Manage duplicate records using SQL

Semarchy xDM supports duplicate management using SQL to programmatically perform actions that are typically available to users in an application’s duplicate manager.

This page provides the methods to perform various duplicate management operations using SQL with the UM table.

Each method involves using a load ID (stored in a vLoadID variable), which is initialized and submitted through a process similar to the one used for data publishing.

Make sure to use a job that processes the entities for which the match and merge will run, along with their related (child) entities.
Consider leveraging continuous loads for executing duplicate management operations as well.

Confirm matches

This method automatically and programmatically confirms certain matches.

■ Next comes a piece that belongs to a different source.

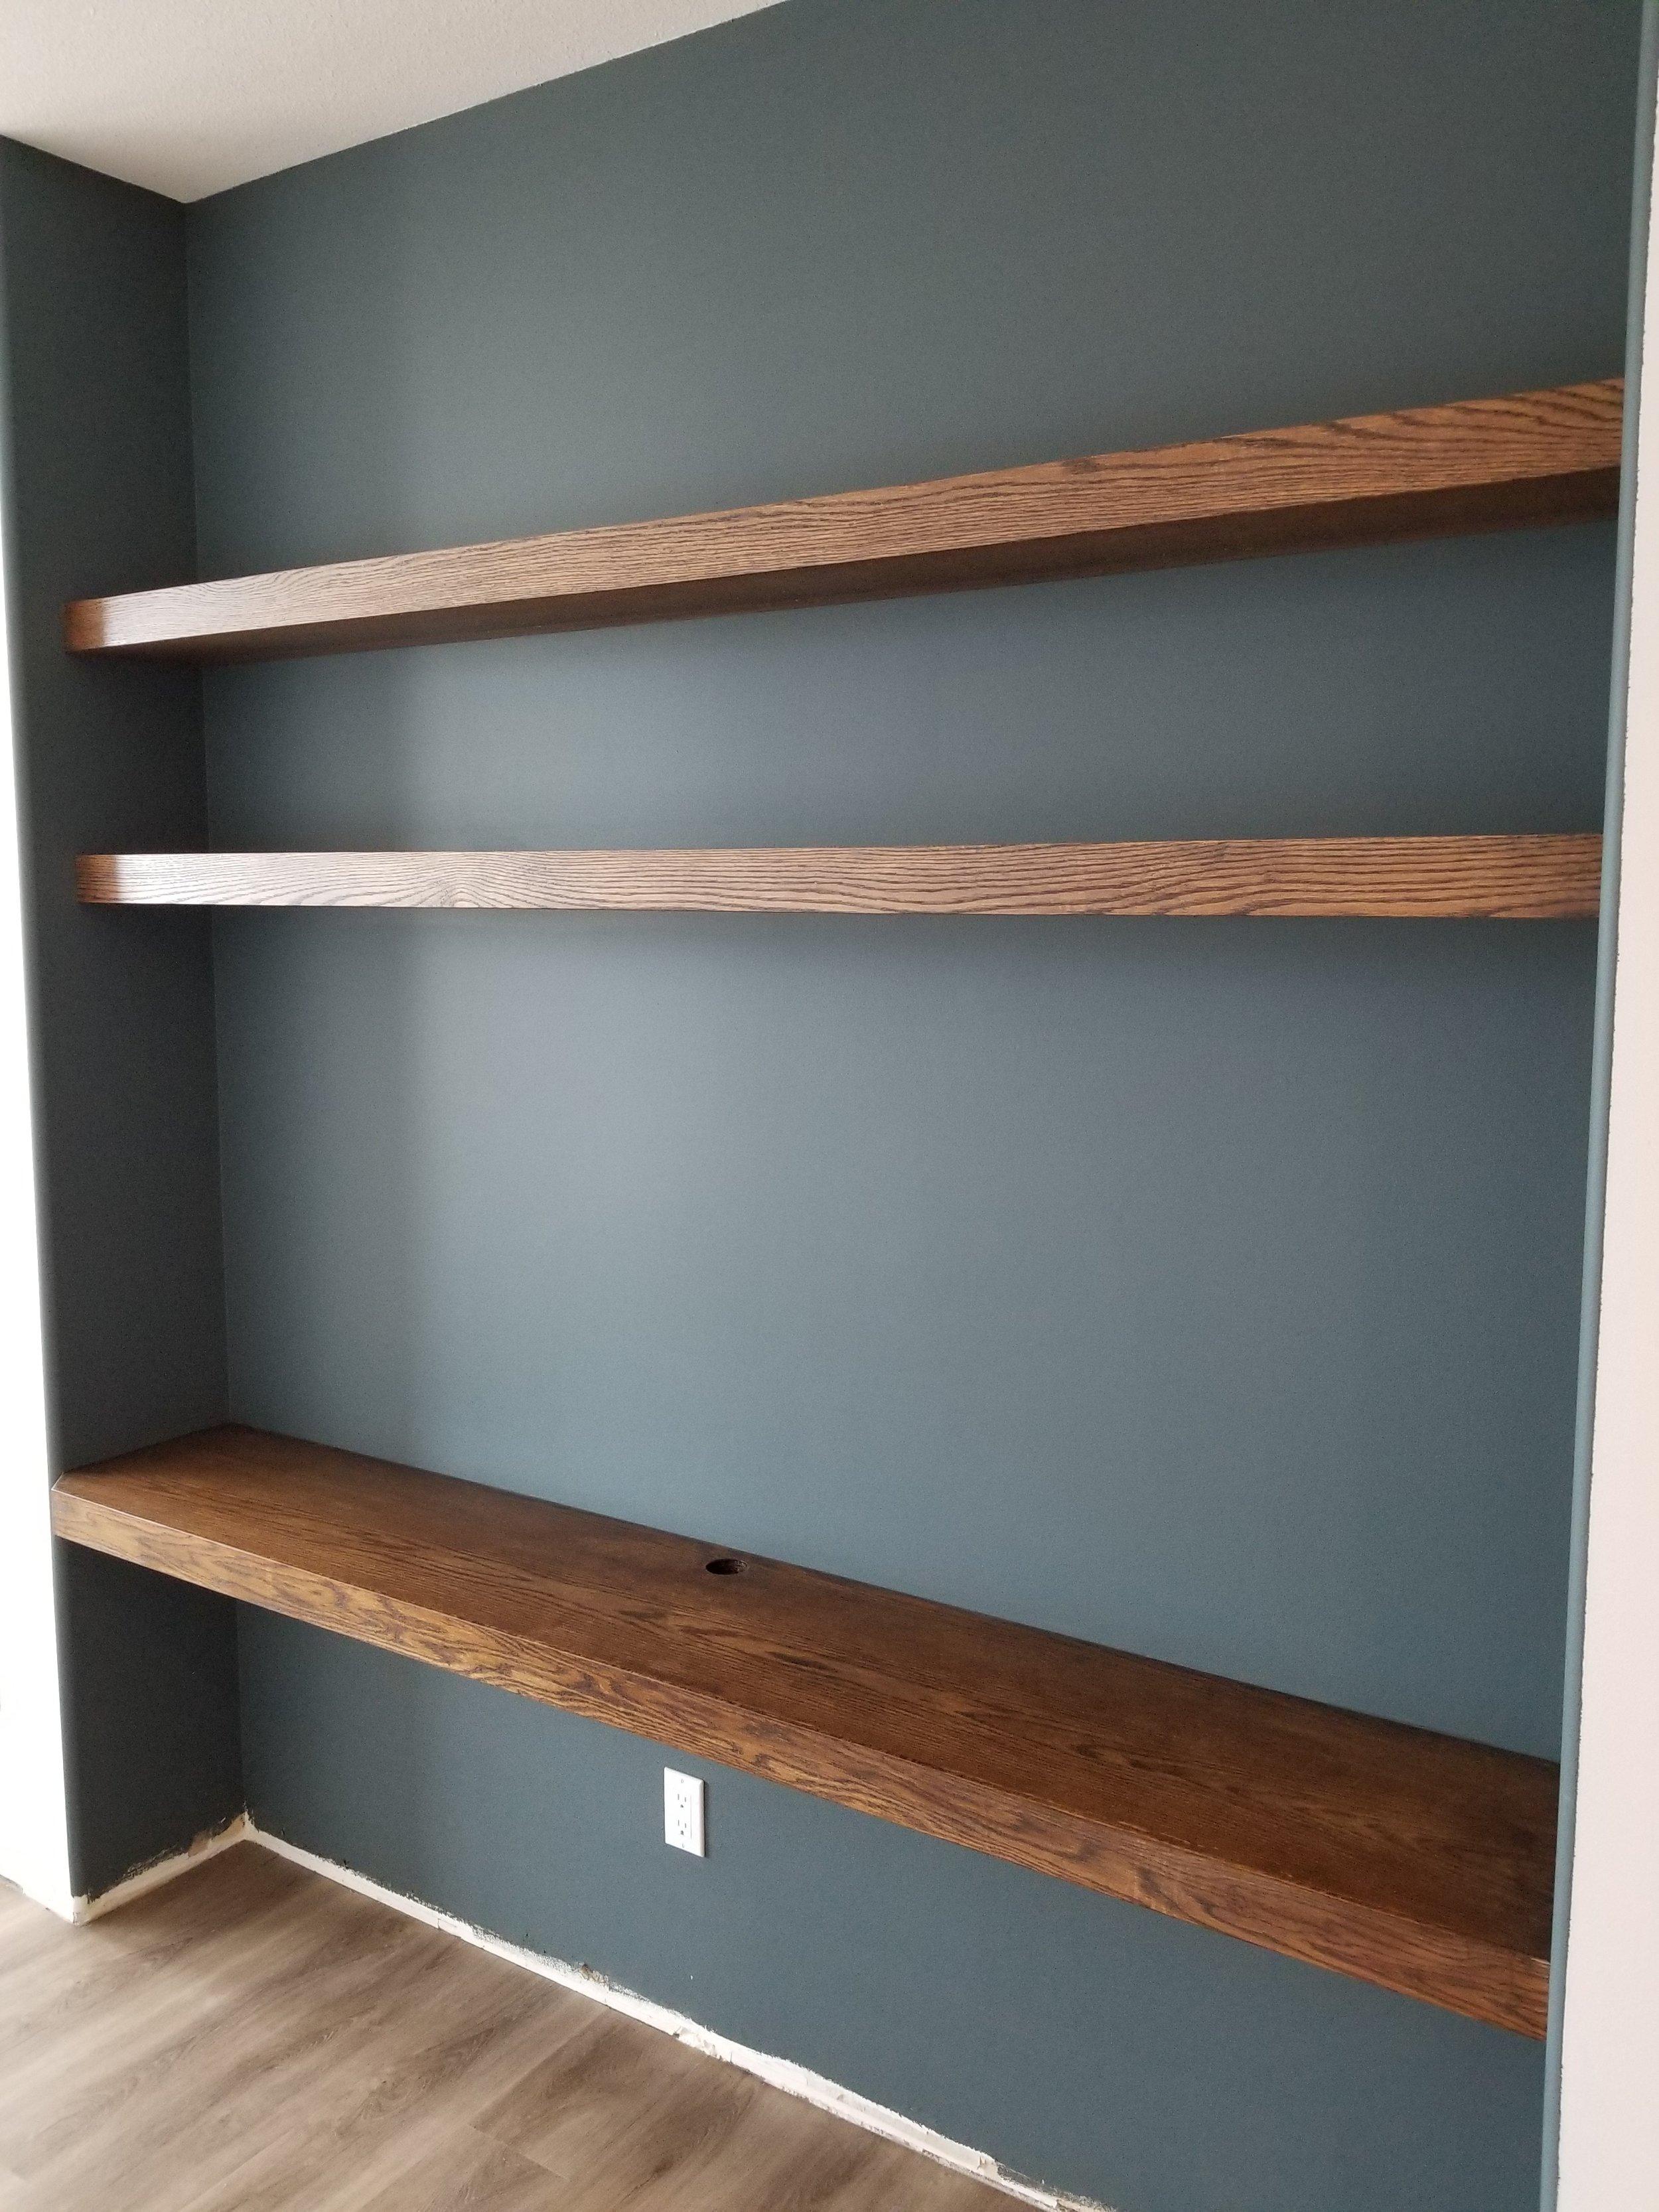 Condo Renovation - Desk and Shelves

It mirrors the behavior of the user interface.

Below are the columns to load in the UM table:

  • B_LOADID: load this column with either the load ID provided by the GET_NEW_LOADID function call or the continuous load ID. Use the GET_CONTINUOUS_LOADID function to retrieve a continuous load’s ID from its name.

  • B_SOURCEID and B_PUBID: load these columns with the ID and publisher of the master records that require confirmation.

  • B_CLASSNAME: load this column with the entity name for the records.

  • <GoldenID>: load this column with the ID of the golden record associated with the master records.

  • B_CONFIRMEDSDPK: load this column with the same value as <GoldenID>.

Example 1. Confirm all unconfirmed master records
INSERT INTO UM_CUSTOMER (
	B_LOADID,
	B_SOURCEID,
	B_PUBID,
	B_CLASSNAME,
	CUSTOMER_ID,
	B_CONFIRMEDSDPK
)
SELECT
	vLoad_id,
	B_SOURCEID,
	B_PUBID,
	'Customer',
	CUSTOMER_ID,
	CUSTOMER_ID FROM MD_CUSTOMER
WHERE
  B_CONFIRMATIONSTATUS = 'NOT_CONFIRMED';

Force a new record to merge with a golden record

When loading a source record, use this method to simultaneously load a user decision that forces this record to either merge with a specific golden record or create a new golden record with the specified ID.

To execute this operation, combine data loading with the technique previously mentioned.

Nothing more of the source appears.